Je regardai au-dehors. Il faisait déjà nuit. Quelques réverbères épars baignaient la cité d'une faible lueur jaune et brumeuse. Un vandalisme ciblé avait eu raison de ceux qui jadis procuraient encore un peu de réconfort par leur éclat presque solaire. Les seules véritables lumières provenaient du HLM opposé, formant une gigantesque mosaïque de carrés jaunes représentant autant d'appartements où les occupants s'affairaient. Le soir, on voyait tout. Aucune intimité. Les ombres humaines y jouaient inlassablement le théâtre de leur vie sous les regards incommodants des curieux. Le quotidien sentimental des habitants alimentait ainsi les interminables commérages des concierges en mal de romance.
Dans la cour, un groupe d'adolescents occupait un banc meurtri recouvert de tags. Ils étaient postés juste à côté de l'entrée. Leurs visages sombres, qui se dévoilaient à peine sous leurs casquettes, faisaient naître un sentiment d'insécurité chez ceux qui franchissaient le seuil du bâtiment. Cela les amusait et leurs rires cristallisaient l'angoisse des passants. Aucune fille ne les accompagnait. Elles préféraient rester chez elles car…
Le générique des informations régionales me fit tourner la tête.
" Madame, Monsieur, Bonsoir.
La tension monte dans le quartier des Saules où la petite Yasmina n'a toujours pas été retrouvée. La police pense de plus en plus à un enlèvement et n'exclut pas le fait que… "
J'éteignis le poste. Tout le monde connaissait l'histoire. La police n'excluait pas le fait qu'elle avait pu être assassinée. Deux semaines plus tôt, une jeune femme avait été égorgée alors qu'elle rentrait chez elle après avoir effectué ses courses à l'épicerie des Saules. Le meurtrier courait toujours et la peur s'était emparée des esprits les plus confiants. Les flics soupçonnaient quelqu'un du quartier. La disparition de la fillette n'arrangeait rien.

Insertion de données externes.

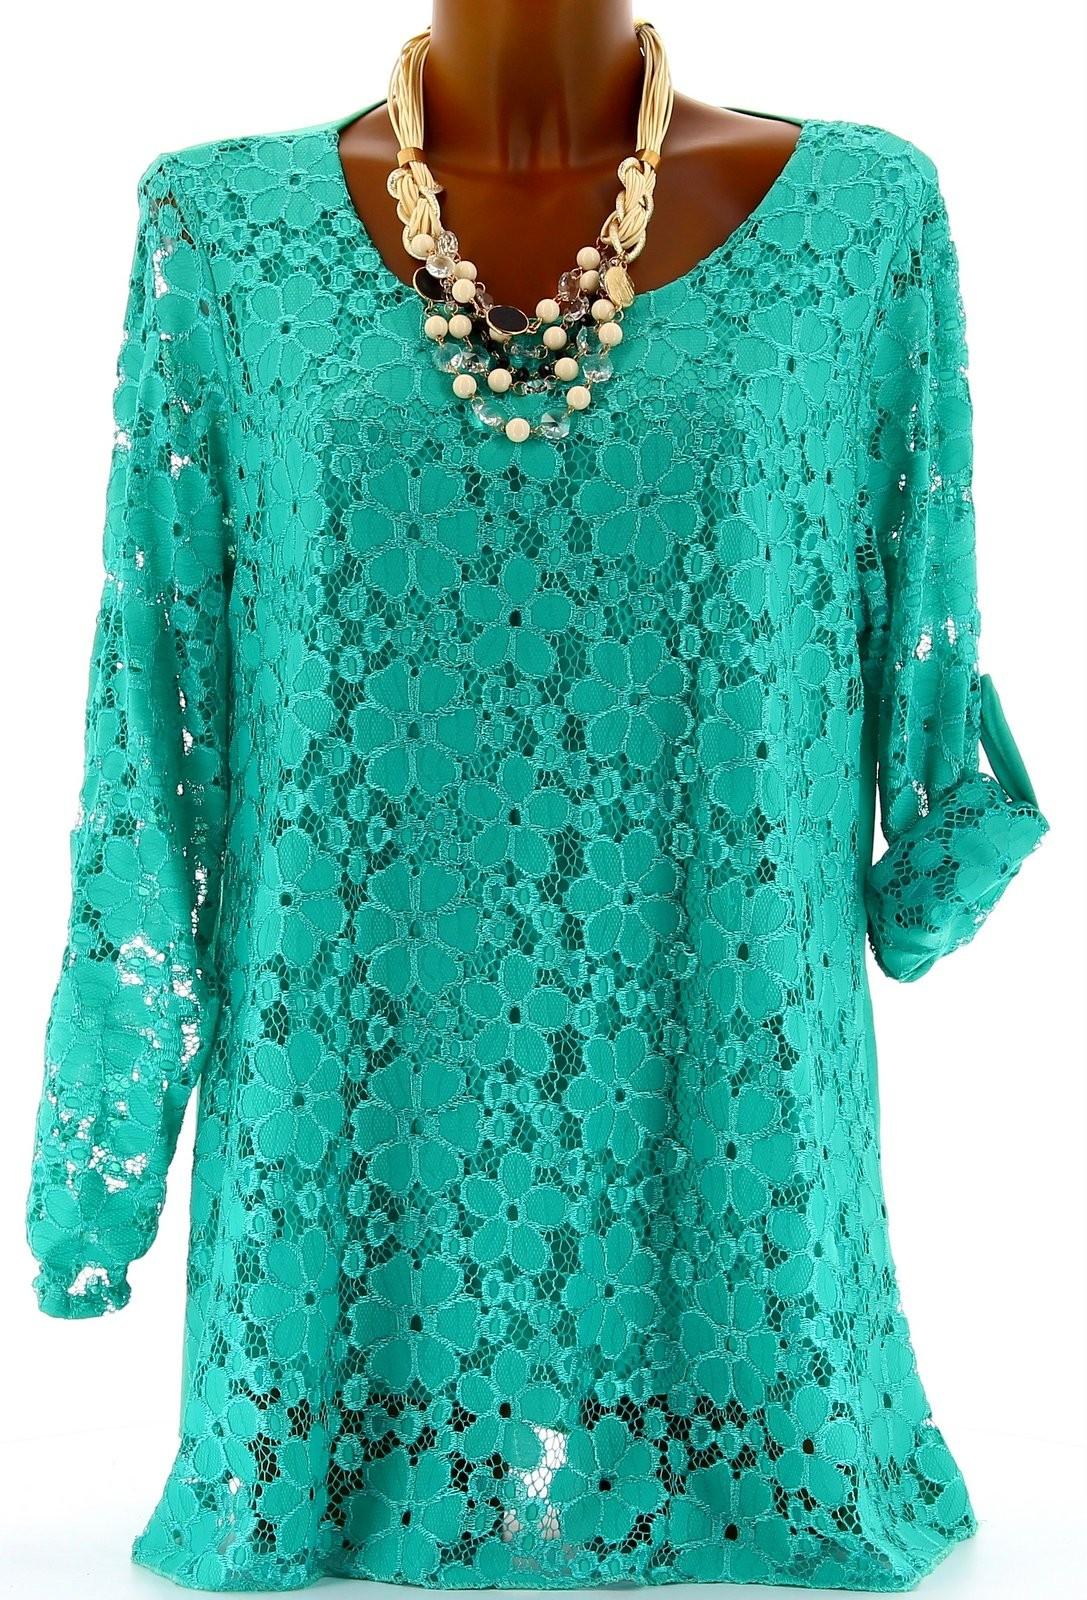 tunique chemise dentelle 40 48 boh me haut top maryse vert. Black Bedroom Furniture Sets. Home Design Ideas
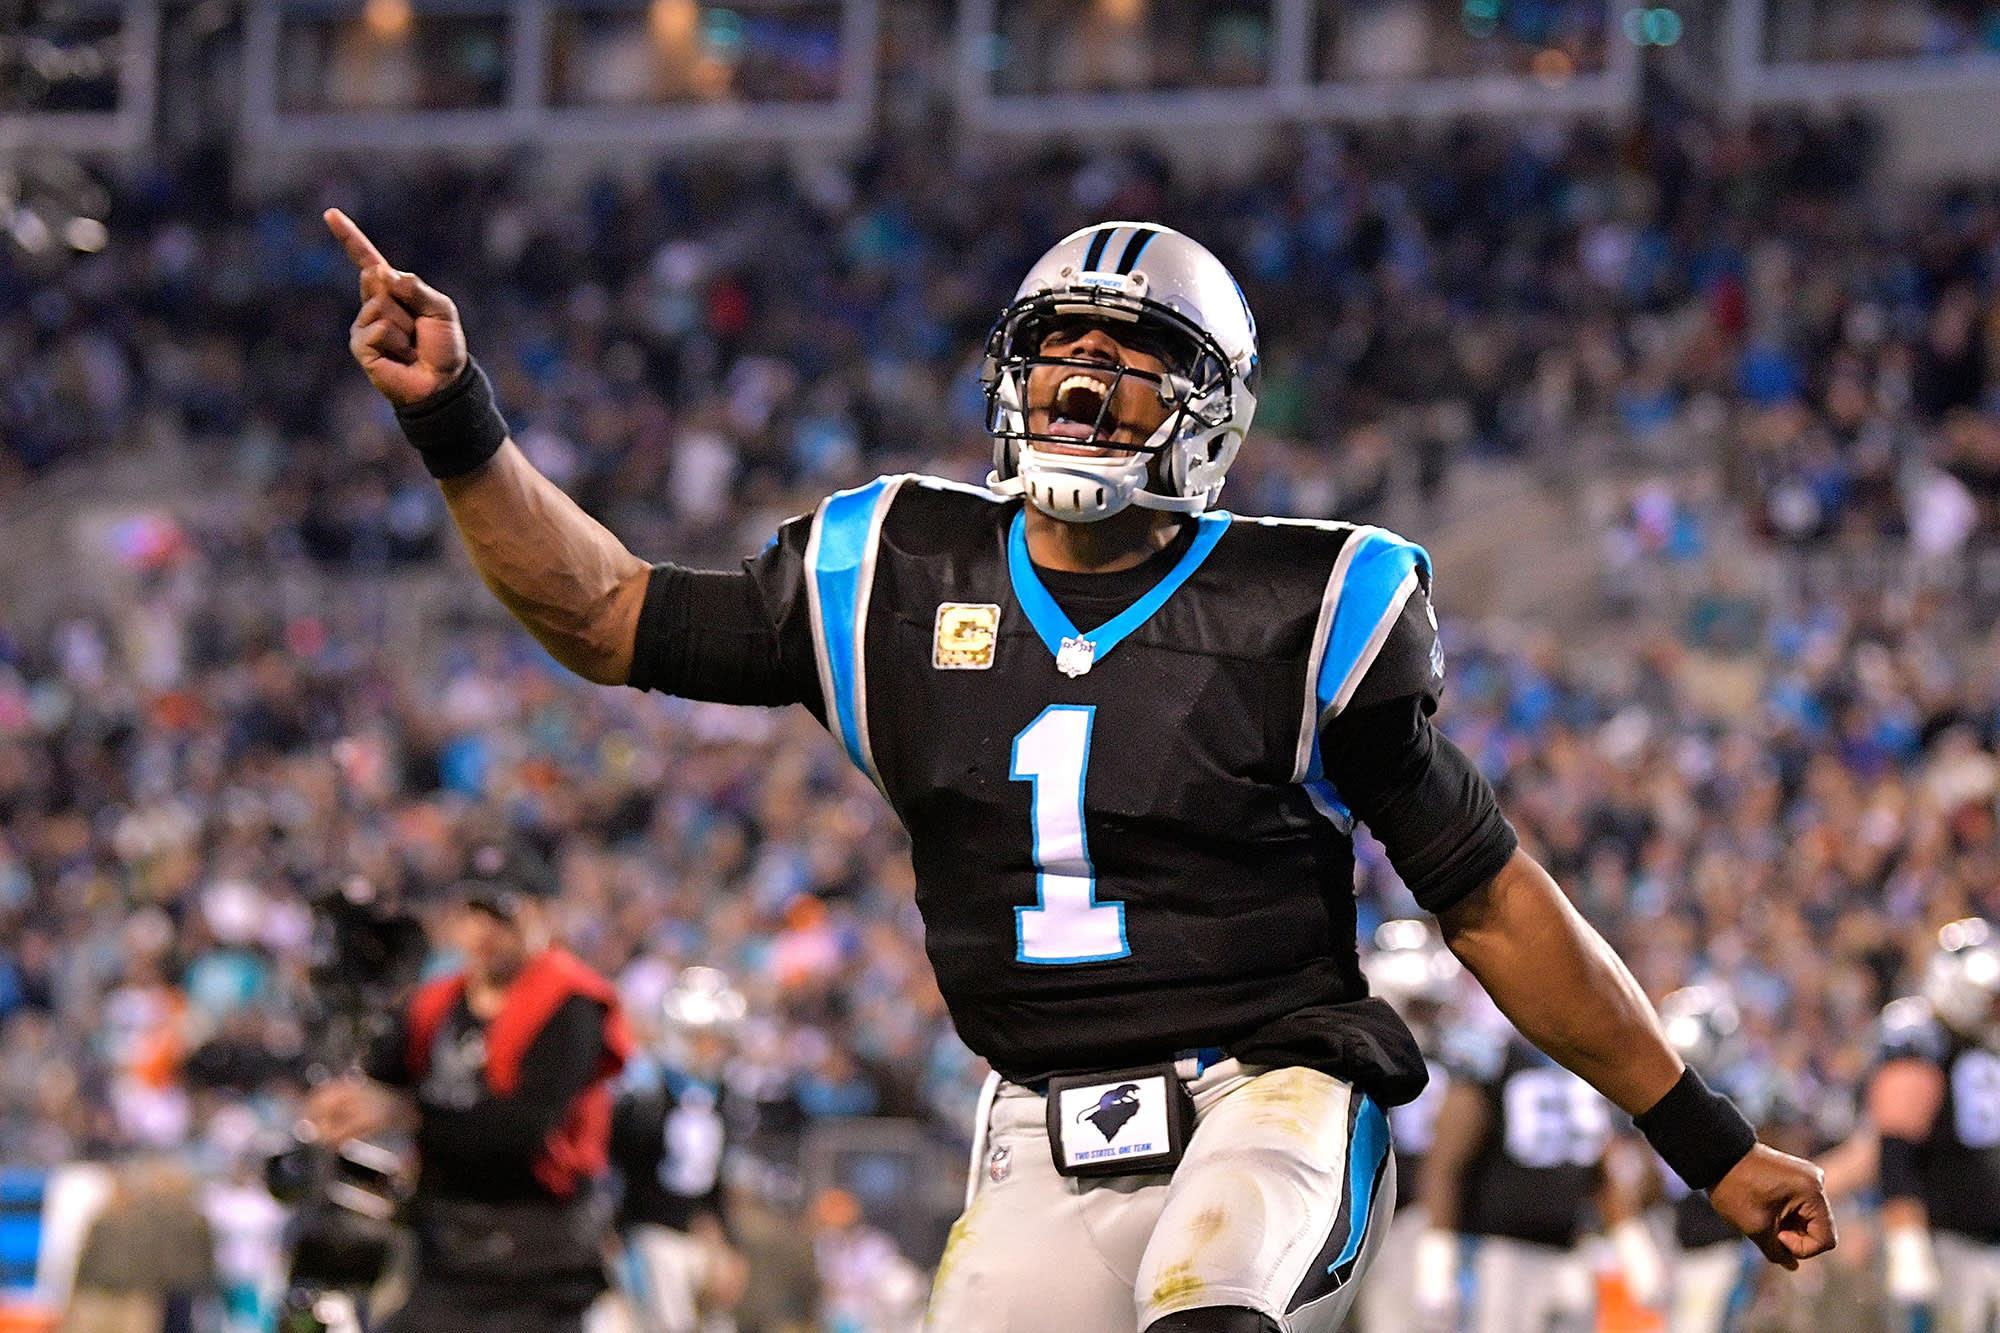 David Tepper close to finalizing record deal for Carolina Panthers

Il était 19h30. Il fallait que je descende les poubelles. Je regardai le sac en plastique bleu opaque. Une odeur nauséabonde s'en dégageait, mélange de détritus de toutes sortes, de trognons de pommes et de viande pourrie. Je le fermai à l'aide d'une ficelle orangée que je nouai solidement à son embout. Les sirènes de police hurlaient au loin, me rappelant les dangers que je risquai en m'aventurant à l'extérieur. J'eus un frisson. N'aurais-je pas dû plutôt sagement attendre le lendemain matin pour porter le sac jusqu'à la benne à ordures ?
Après tout, la benne ne se trouvait qu'à 200 mètres de l'immeuble. Je décidai d'y aller.
J'habitais au cinquième et, l'ascenseur étant constamment en panne, j'entrepris d'emprunter les escaliers. L'odeur qui sortait du sac m'était de plus en plus insupportable et j'accélérai mon pas alors que je m'engageai sur la première volée de marches. À mi-chemin entre le troisième et le deuxième étage, j'aperçus un peu plus bas que moi dans la cage d'escalier quelqu'un qui descendait également, tenant lui aussi à la main un sac en plastique bleu fermé par une ficelle orangée. Je m'arrêtai un instant et m'aperçus qu'il s'agissait de mon voisin de pallier. Ce type était étrange. Personne ne le connaissait vraiment dans l'immeuble. Il ne participait jamais aux activités proposées par l'association des Saules et ne parlait à personne. Il portait toujours des lunettes munies de verres très épais ainsi qu'un imperméable qui le recouvrait entièrement par toute saison. Son air mystérieux intriguait et, ces temps-ci, tout le monde prenait soin de l'éviter car le mystère commençait à prendre le goût du danger pour quiconque tenait, ne serait-ce qu'un peu, à sa vie.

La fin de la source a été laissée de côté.